I dare to plunge into water that is beyond my depth – economics! I would never have, in a million years, chosen economics as my major in college. But over the years I’ve become fascinated by the subject. Why?
If George Carlin, my inspiration for Brain Droppings, thought the biggest pile of bullshit was religion, then economics has to be a very close second. Take the exemplar of economic bullshit, former Federal Reserve Chairman Alan Greenspan – he of “irrational exuberance” – who kept insisting the “invisible hand” of the marketplace would keep our economy from going down the toilet, even as it was going down the toilet. Since Mr. Greenspan was an acolyte of the hair-brained Ayn Rand and her high Priest Milton(Chicago) Friedman, both purveyors of fiscal snake-oil, it was inevitable that his pie-in-the-sky notions would collapse under the weight of reality in the corrupt world of finance.

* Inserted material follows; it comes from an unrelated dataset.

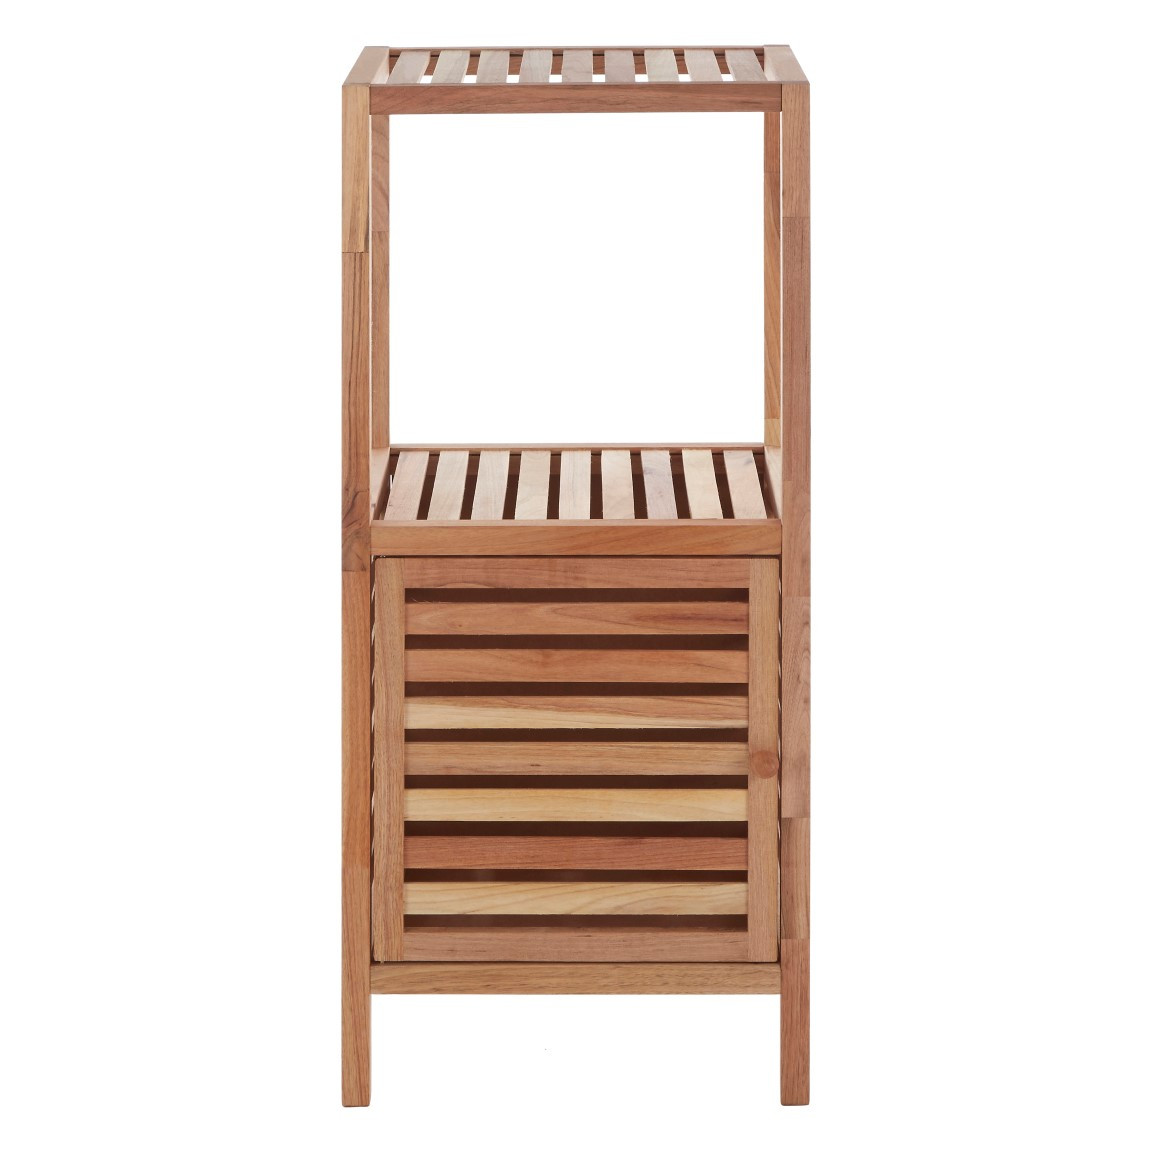 2 Tier Bathroom Shelf | Walnut Wood

If we could find the epicenter of the collapse it would probably be in the gambling casino of “Derivatives.” Now here’s where you and I get fuzzy-headed and bleary eyed. it is the genius of the financial cabal of crookery that makes Wall Street’s Three-Card Monte moves so opaque, slathered with oily, arcane lingo as to make your heads spin. We of the great unwashed,to avoid exploding brain cells, rely on brokers and the wizards of financial services to administrate our investments, our 401Ks, our mutual funds, our hard-earned pensions. I regret to say relying on these Wall Street foot soldiers merely delays the inevitable, for they too are deluded by the Emperor’s New Clothes, and lustily lift their voices in hosannas to the Lords of finance.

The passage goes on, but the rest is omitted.